Find the line that holds "Cees samen met" in the material below. Output that line and each one after it exactly, but not the pictures.
--- The data ---
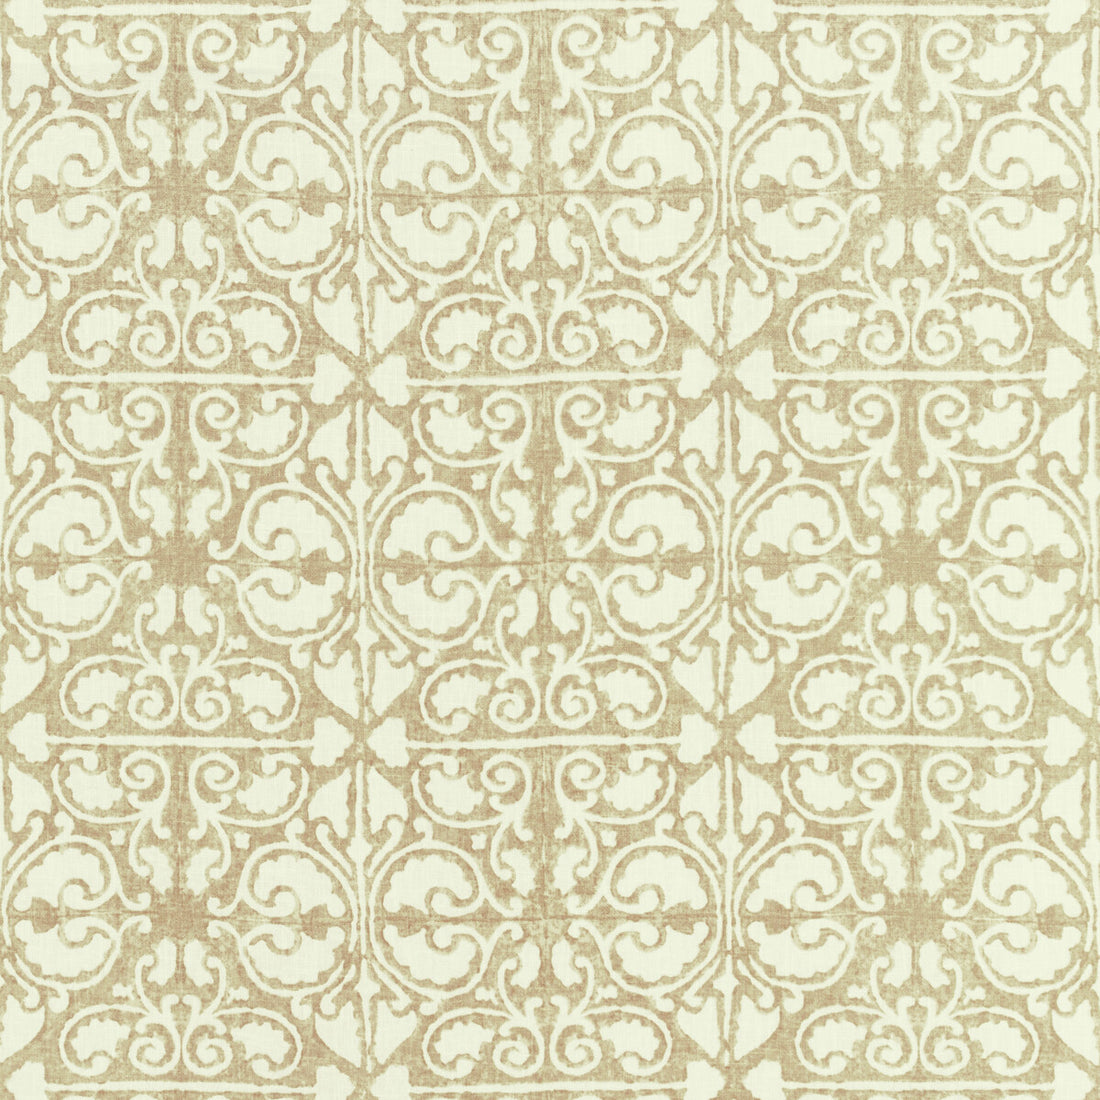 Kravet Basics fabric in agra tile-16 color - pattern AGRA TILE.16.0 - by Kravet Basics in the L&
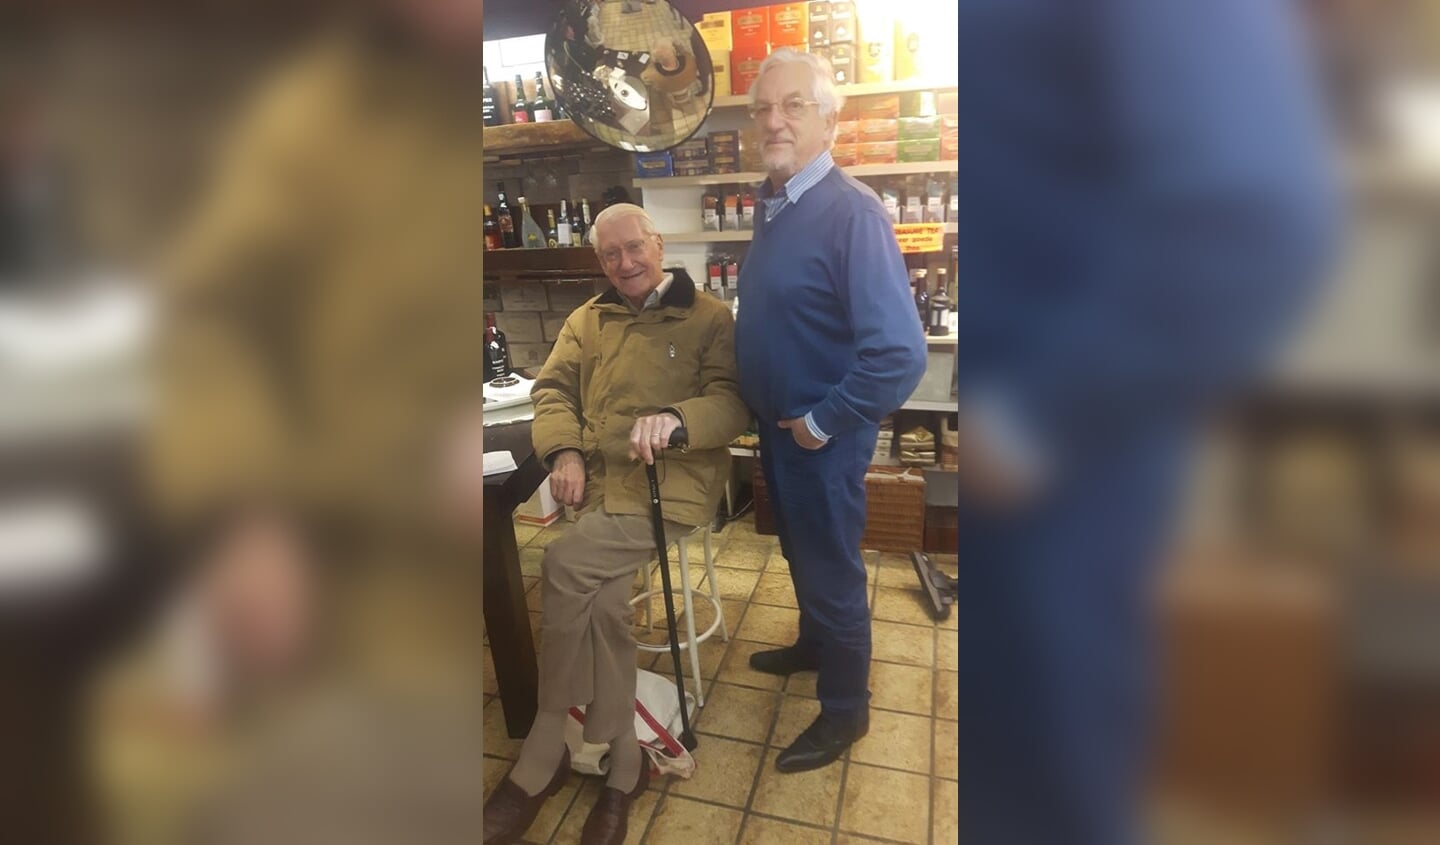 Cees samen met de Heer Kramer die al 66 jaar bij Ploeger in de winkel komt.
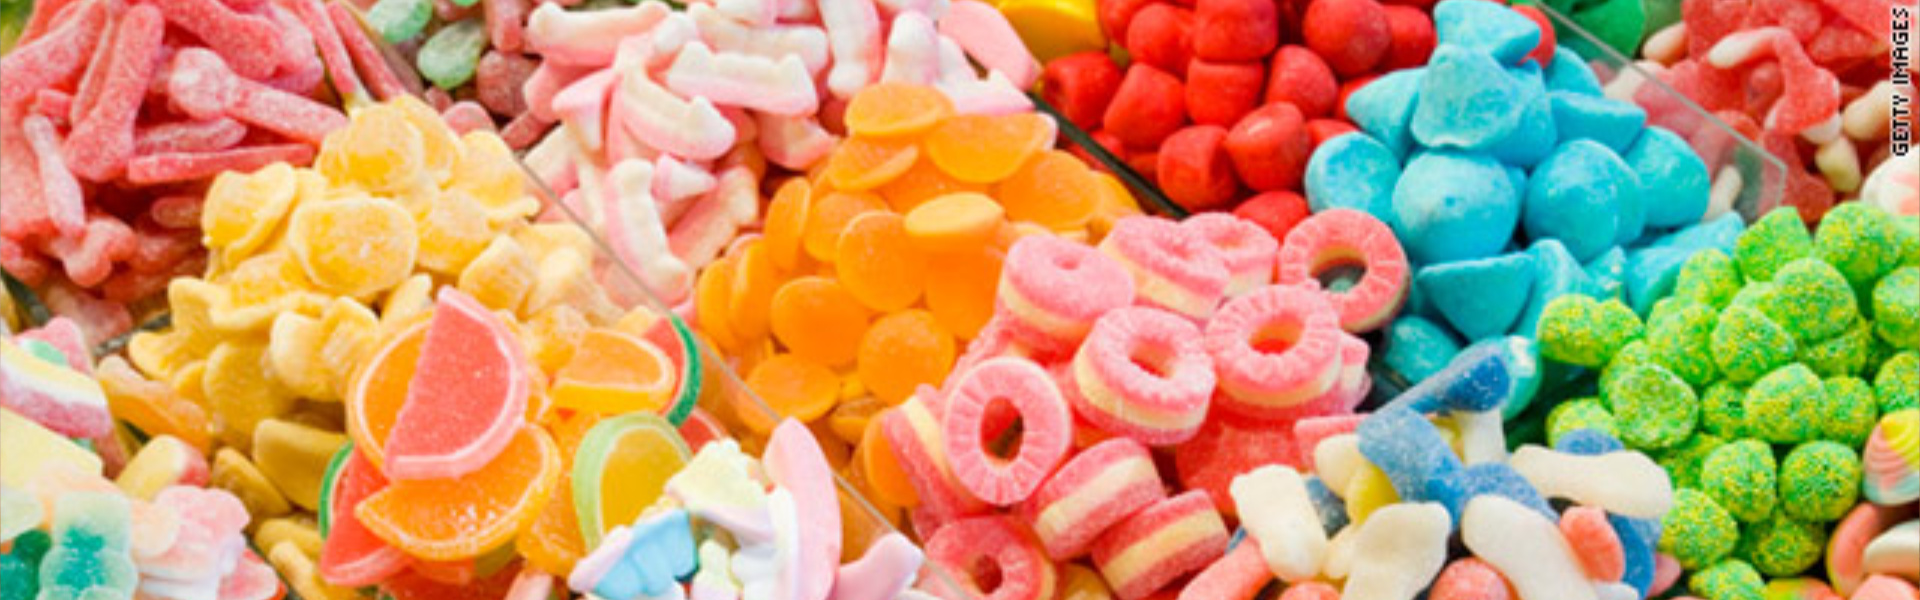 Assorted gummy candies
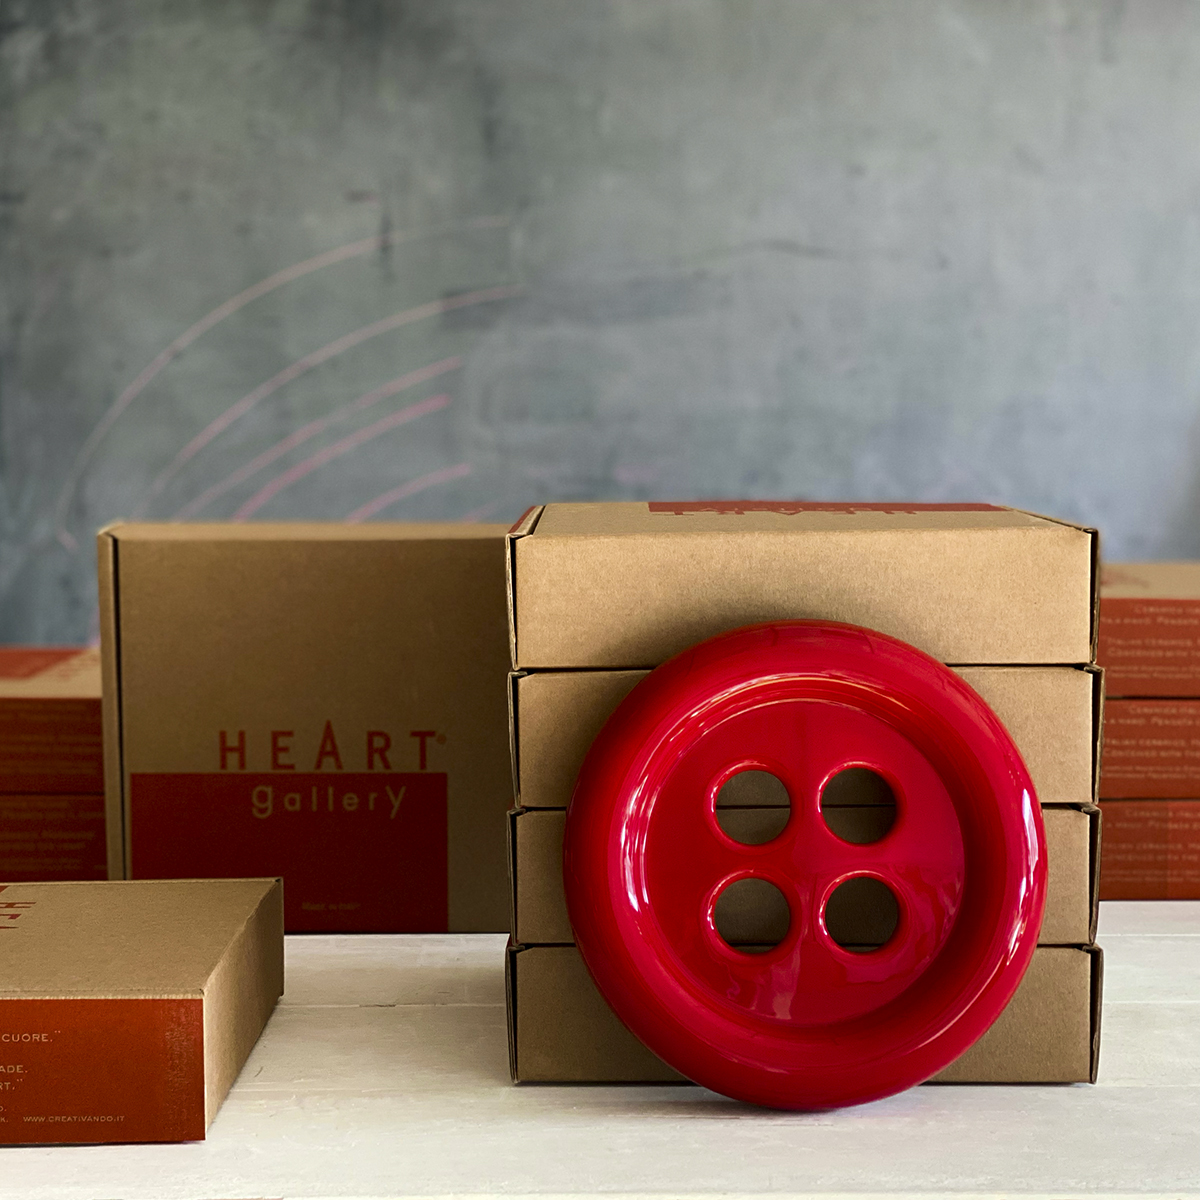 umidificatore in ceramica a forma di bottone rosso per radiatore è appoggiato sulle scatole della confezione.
---
* Task solution
 Cees samen met de Heer Kramer die al 66 jaar bij Ploeger in de winkel komt.
 Assorted gummy candies
 umidificatore in ceramica a forma di bottone rosso per radiatore è appoggiato sulle scatole della confezione.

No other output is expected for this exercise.